— Dataset content —
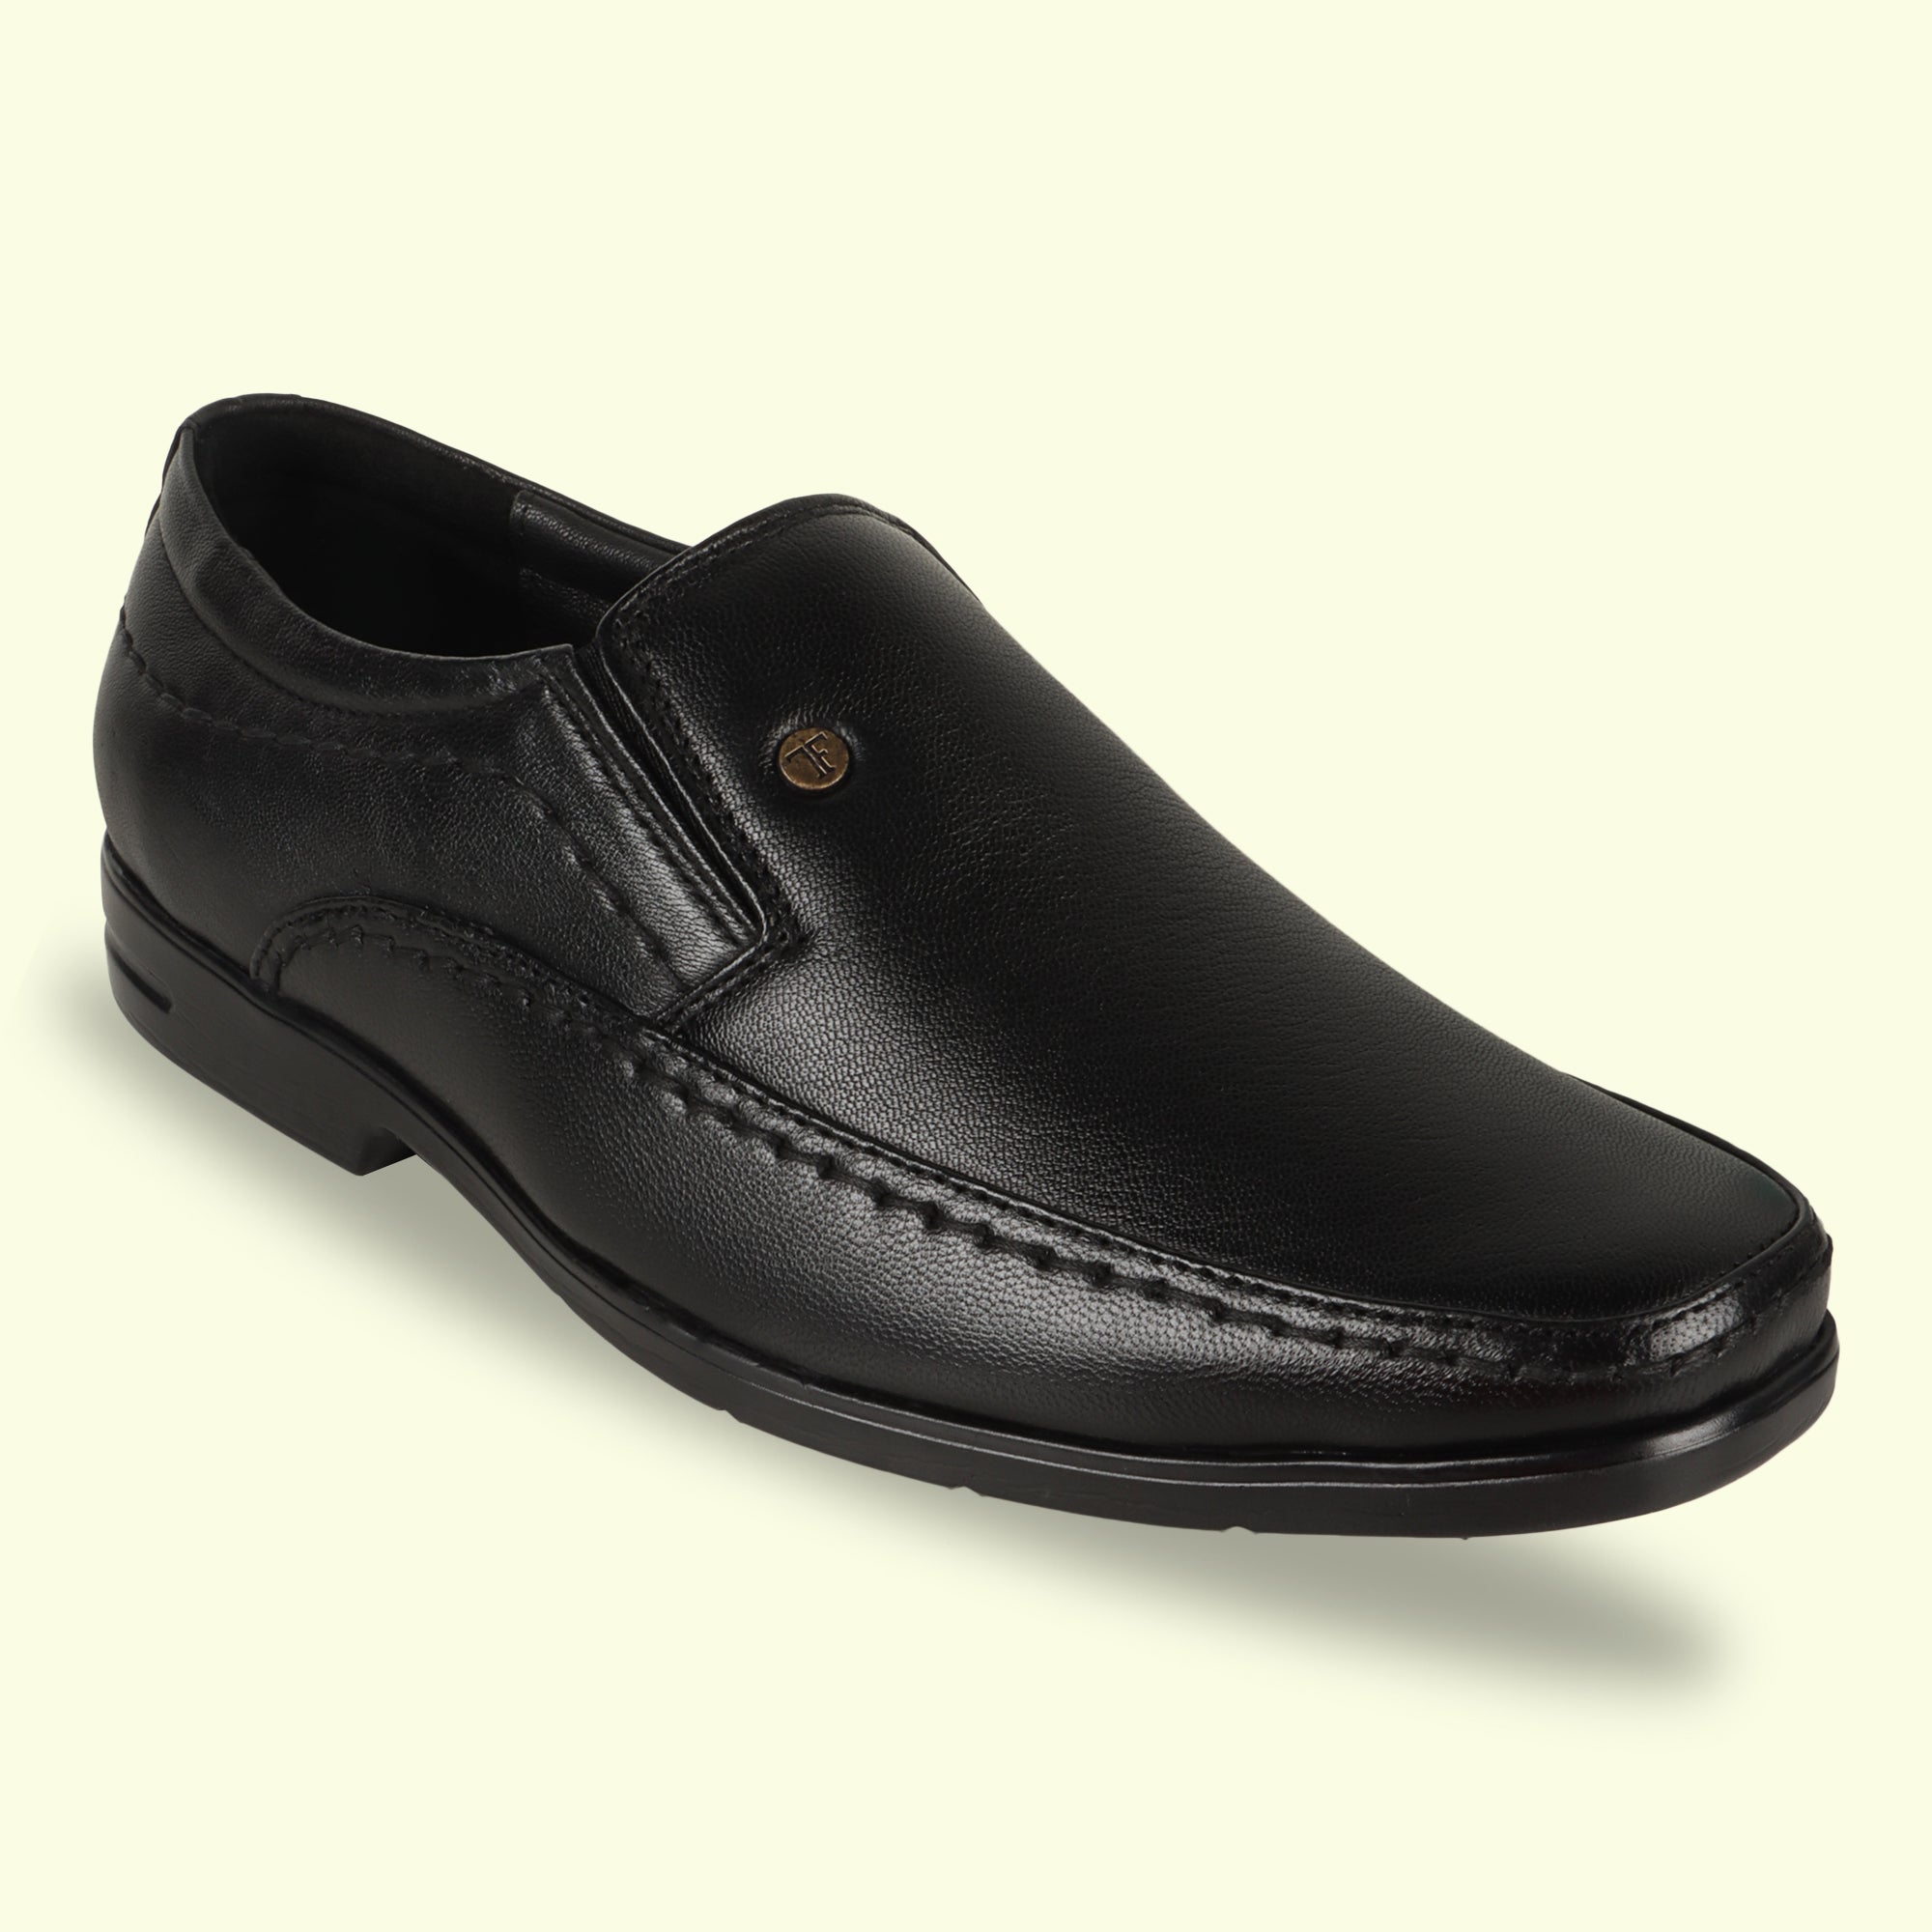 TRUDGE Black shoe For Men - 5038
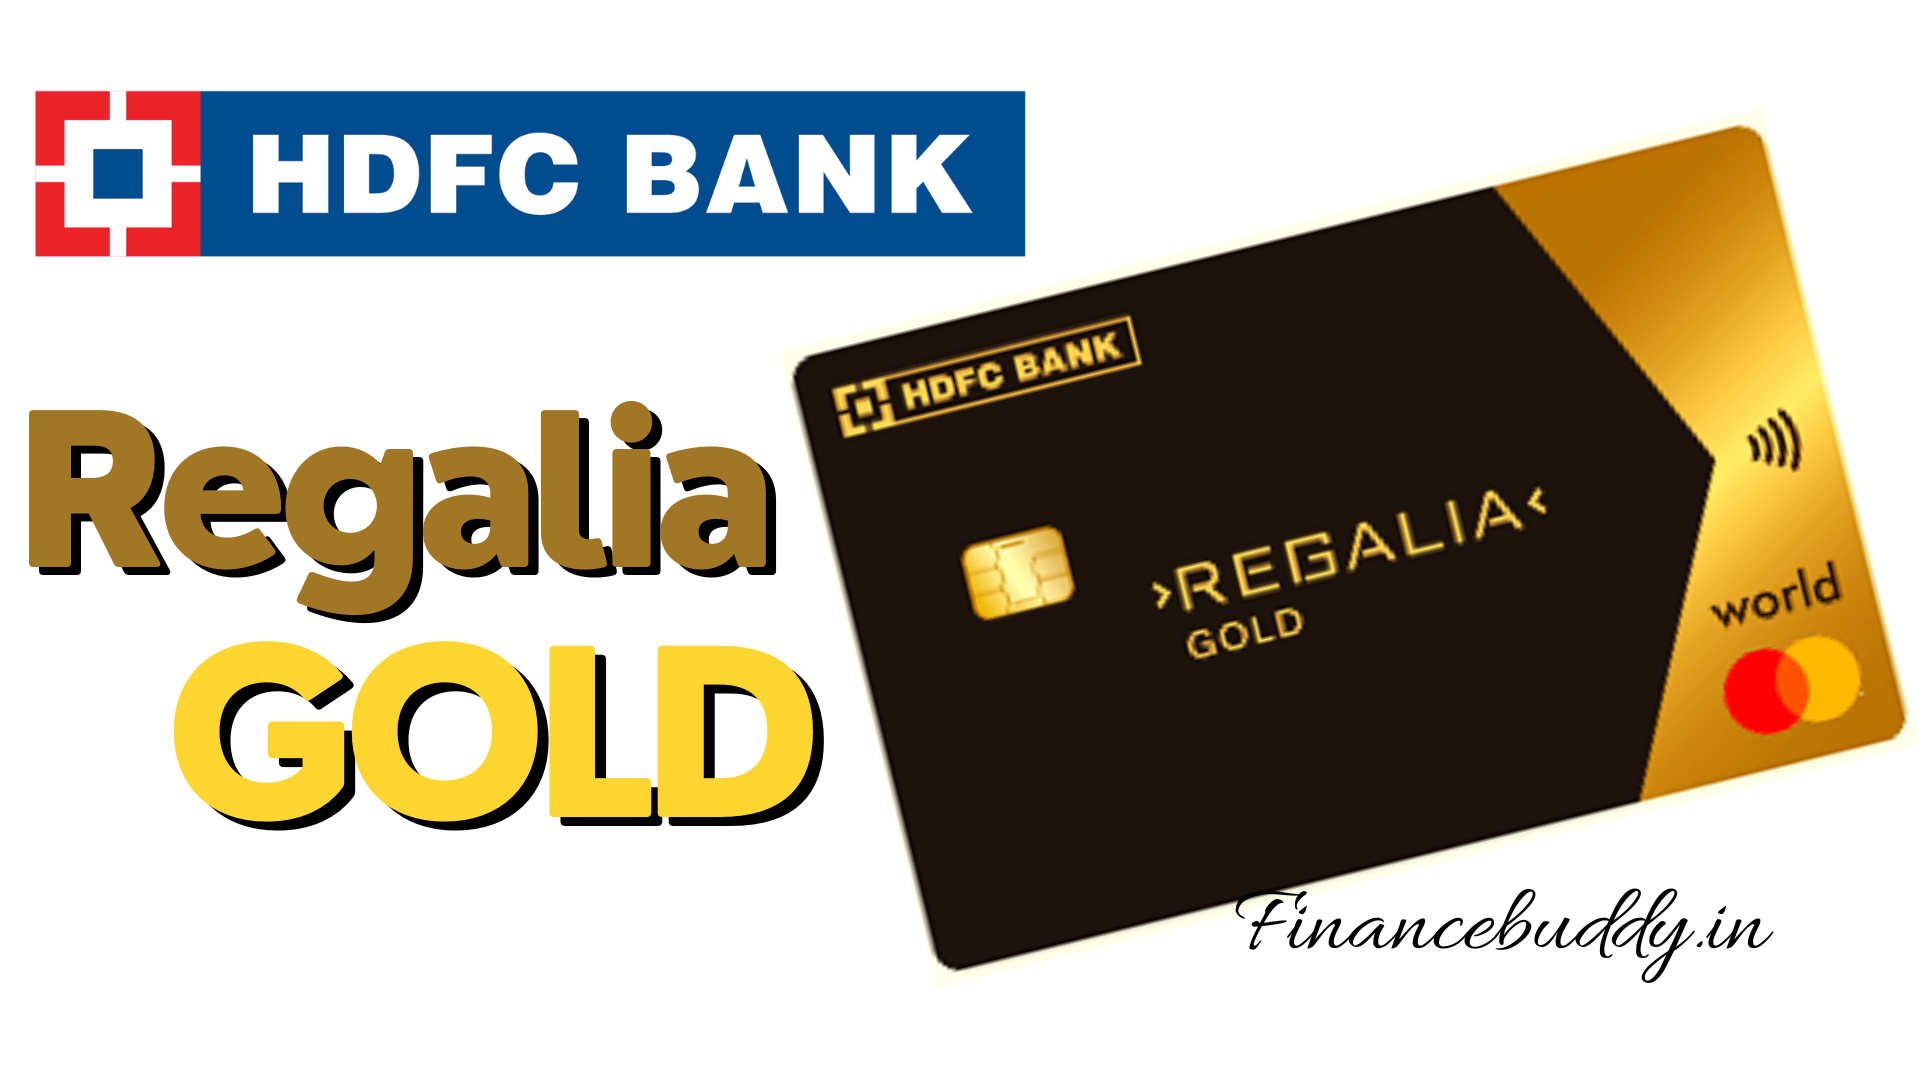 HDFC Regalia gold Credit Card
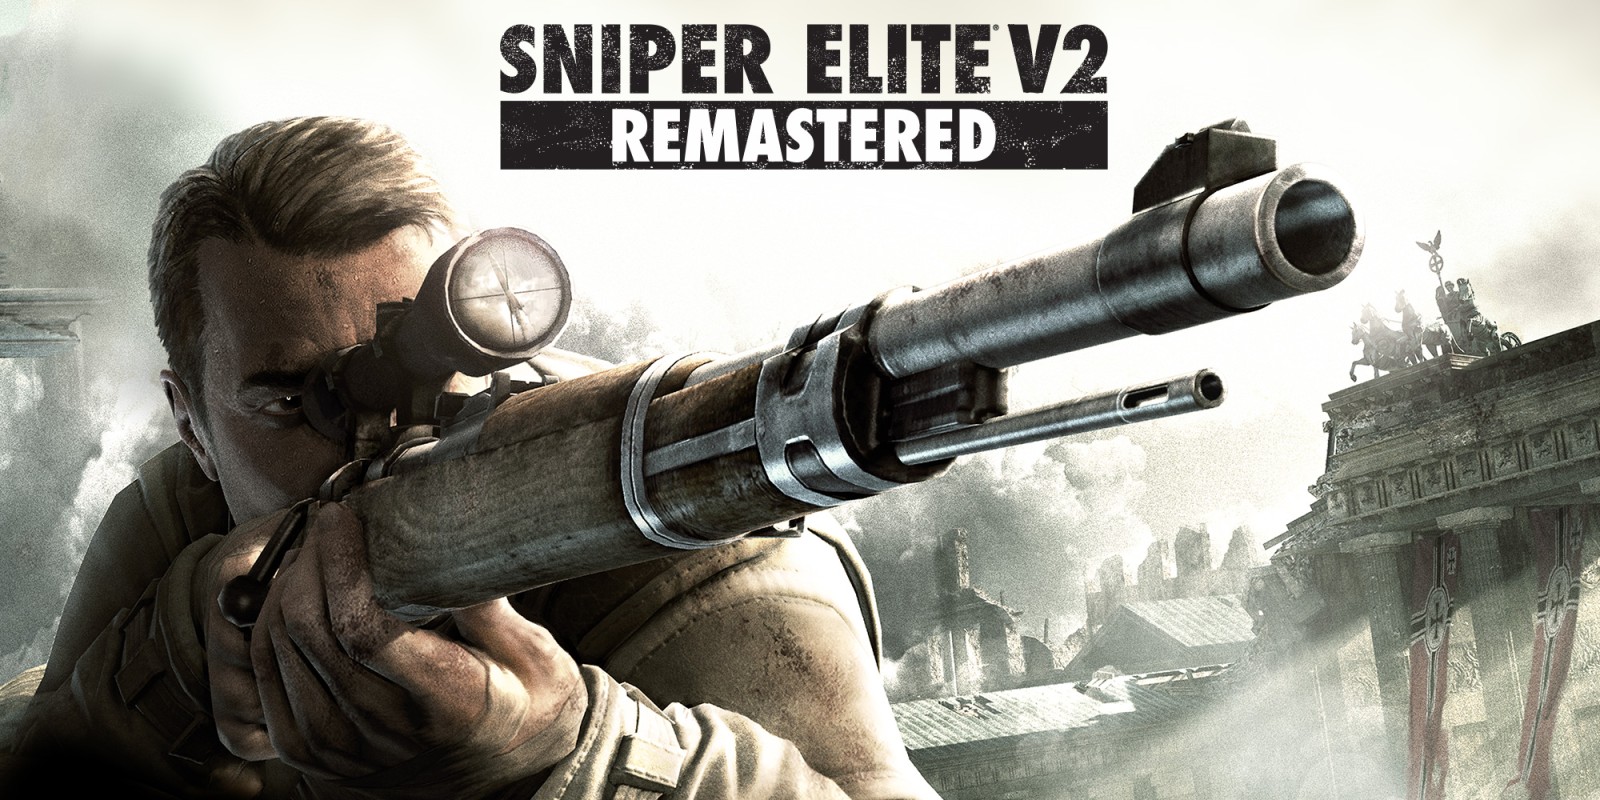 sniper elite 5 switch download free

— Task directions —
Reproduce the material word for word, minus the images.

— Answer below —
 TRUDGE Black shoe For Men - 5038
 HDFC Regalia gold Credit Card
 sniper elite 5 switch download free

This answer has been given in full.